What you need to do
So that the copy stays text only, transcribe the data below exactly and exclude the images.

Data extract
┄┄┄┄┄┄┄┄┄┄┄┄┄┄┄┄┄┄┄┄

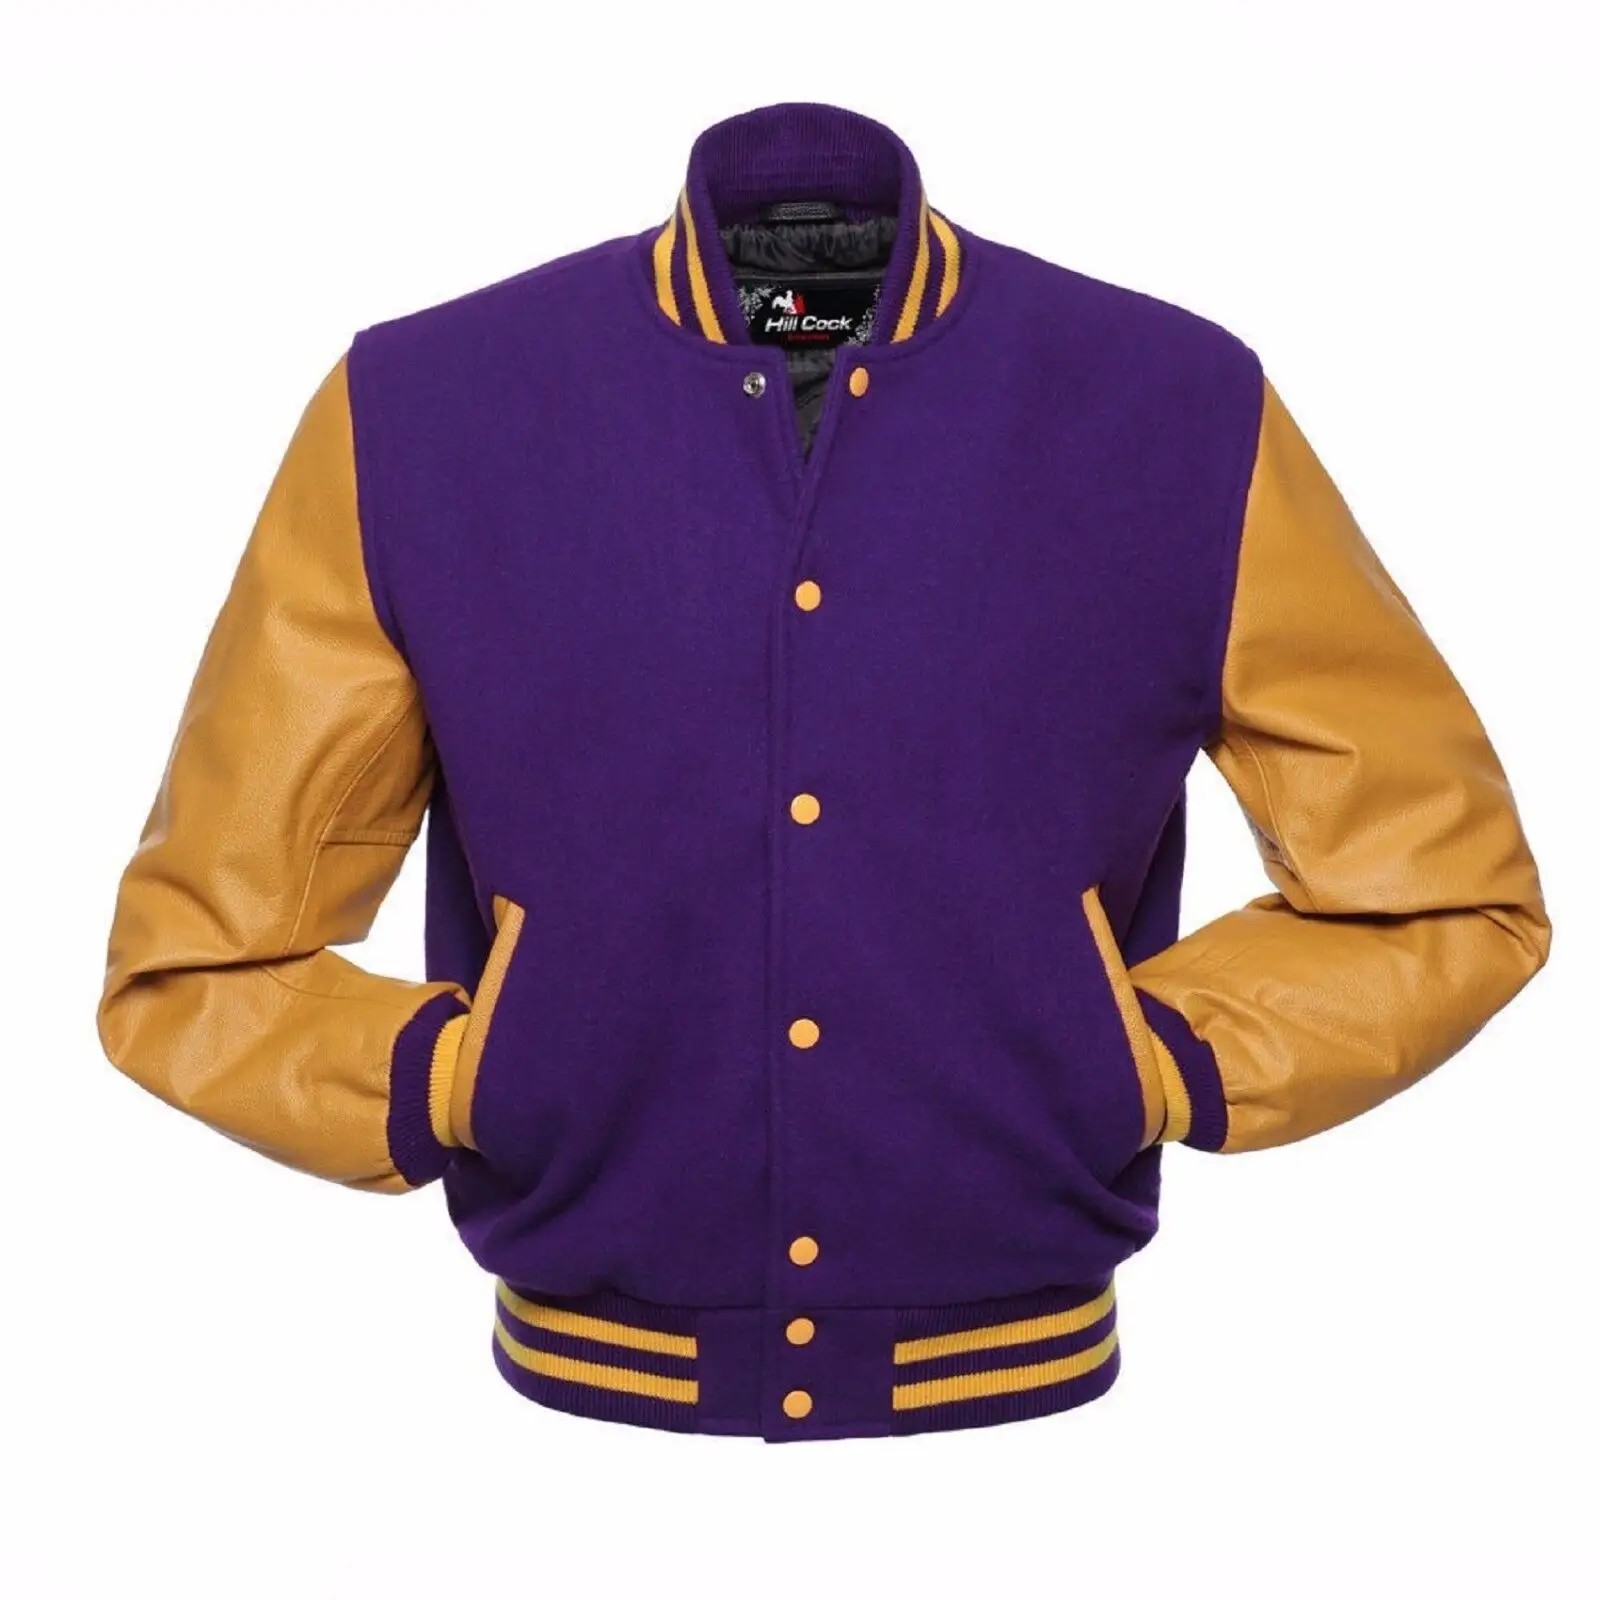 Abrigos y ropa de abrigo personalizados de invierno, chaqueta calefactable integral, cuerpo de lana informal dorado púrpura, Mangas de cuero de piel de vaca
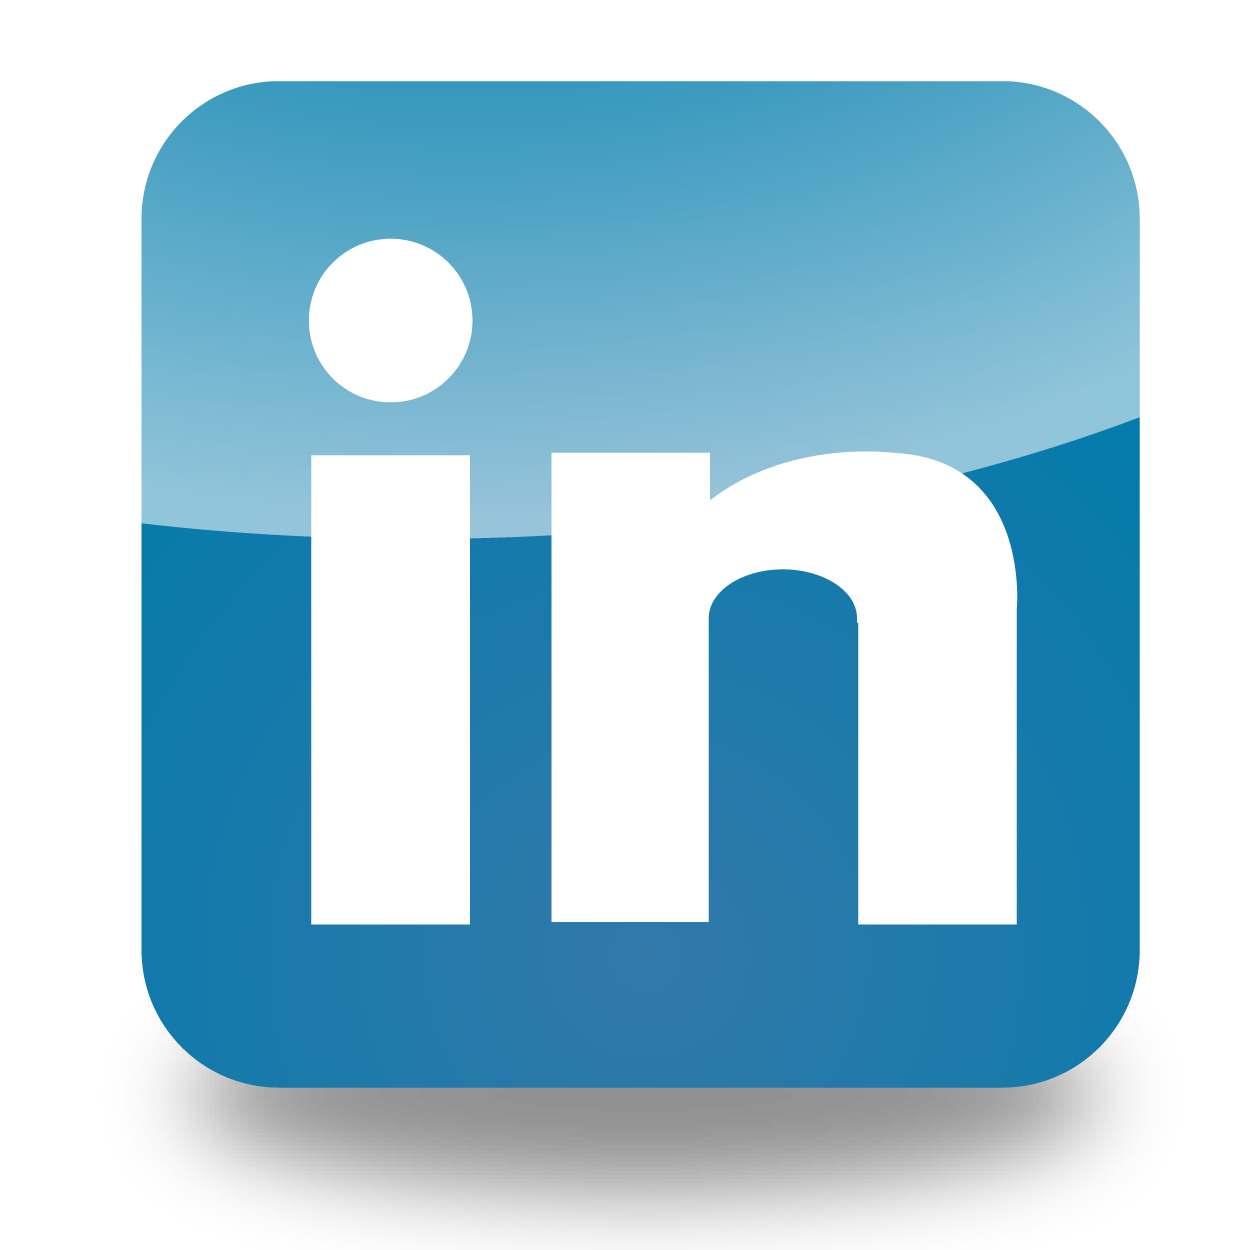 Linkedin Logo Linkedin Logo Png 50png Photo 13629 Pnguk | Images and ...
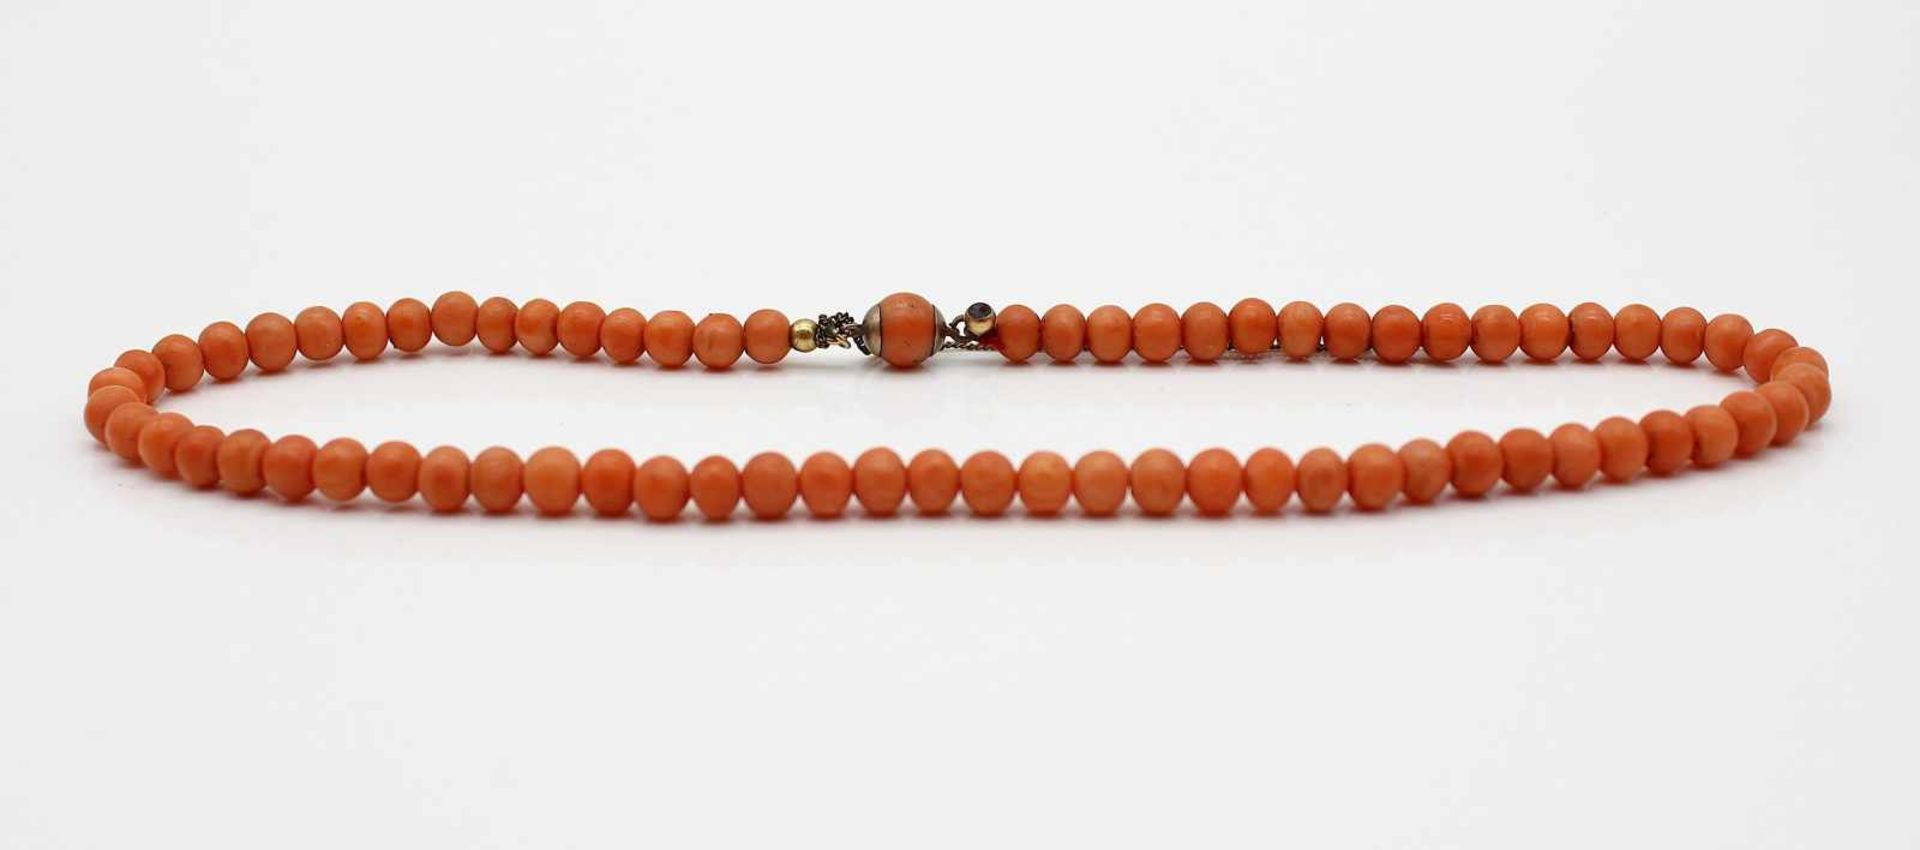 Coral necklace, metal clasp.Length 36 cmKorallenkette, Verschluss Metall.Länge 36 cm - Bild 3 aus 3

┄┄┄┄┄┄┄┄┄┄┄┄┄┄┄┄┄┄┄┄

Answer section
 Abrigos y ropa de abrigo personalizados de invierno, chaqueta calefactable integral, cuerpo de lana informal dorado púrpura, Mangas de cuero de piel de vaca
 Linkedin Logo Linkedin Logo Png 50png Photo 13629 Pnguk | Images and ...
 Coral necklace, metal clasp.Length 36 cmKorallenkette, Verschluss Metall.Länge 36 cm - Bild 3 aus 3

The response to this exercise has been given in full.